On the other hand, like cryptocurrencies, the market is also maturing and leveling off. With saturation now apparent, it will take more creative and unique offerings to make headlines and draw massive investors. However, that doesn’t mean the market is inactive — quite the contrary — it still sees plenty of new NFTs being minted and a lot of trading. What has occurred is that the market has matured toward more utility-based values such as those that come from token-gating at other practical uses of NFTs.  

Either way, what is clear is that NFTs are still very much alive, though not as easily tempted into exorbitant sales since the market has raised the bar for what it deems to be of true value. Just as the influencing scene now encompasses everything from truly skilled and talented content creators who have been a part of its boom from the beginning, to every newbie trying desperately to gain clout with far less of the effort, hard work, or talent that the most successful influencers have put into building their enterprises, the NFT market has grown diverse too. 

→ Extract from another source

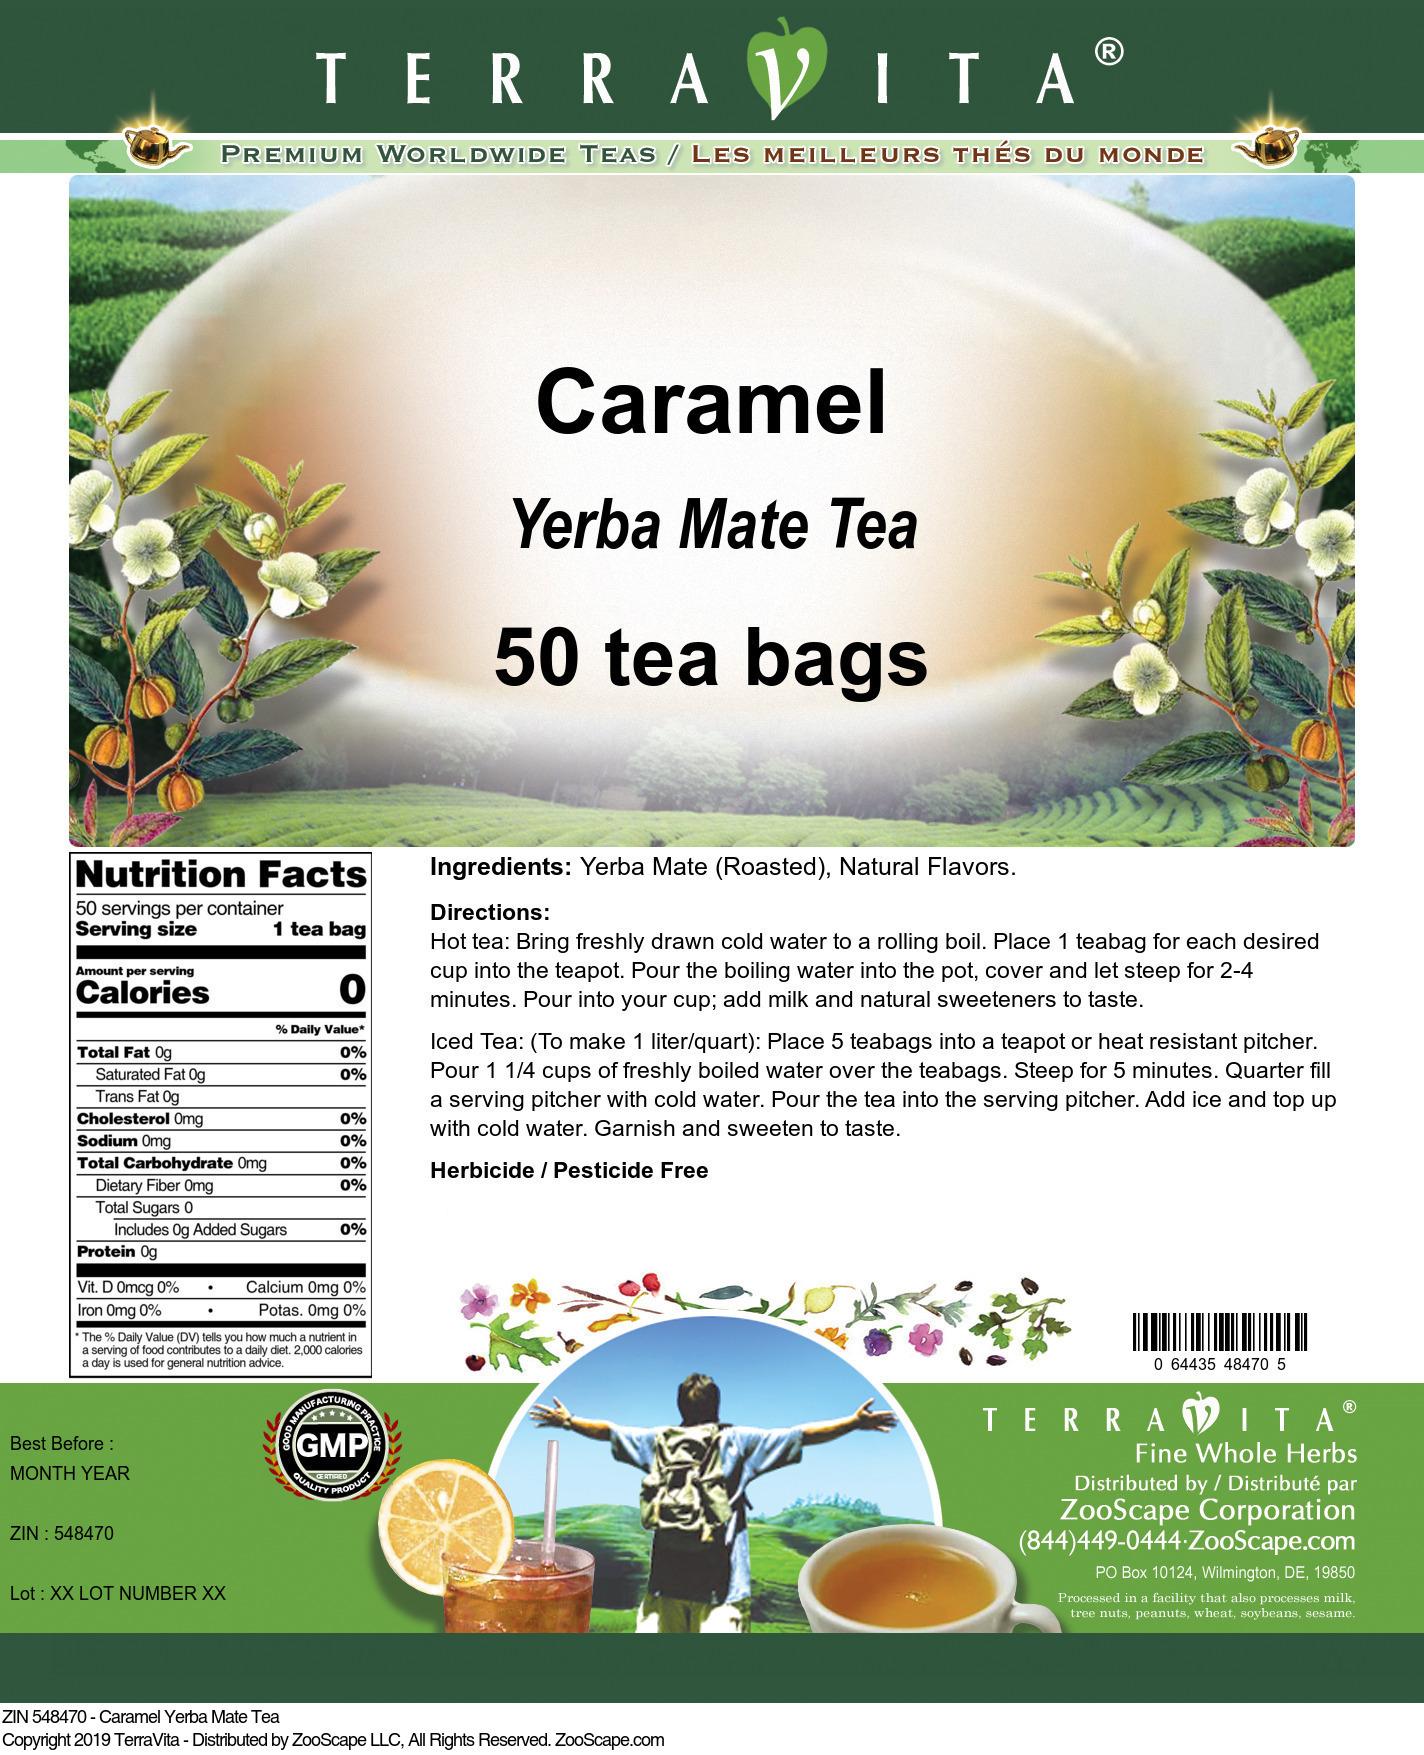 Caramel Yerba Mate Tea

Like that example, quality has also dropped, meaning investors are not as likely to part with large sums of money for tokens and collectibles they consider to be subpar or lacking in creativity. Between these and other considerations, the NFT market, like cryptocurrencies, is probably just leveling off toward stability. Rather than dying off altogether, it’s probably safe to say that we will still have NFTs for some time to come. Perhaps, other innovations like AI will provide the means to make them buzz-worthy again.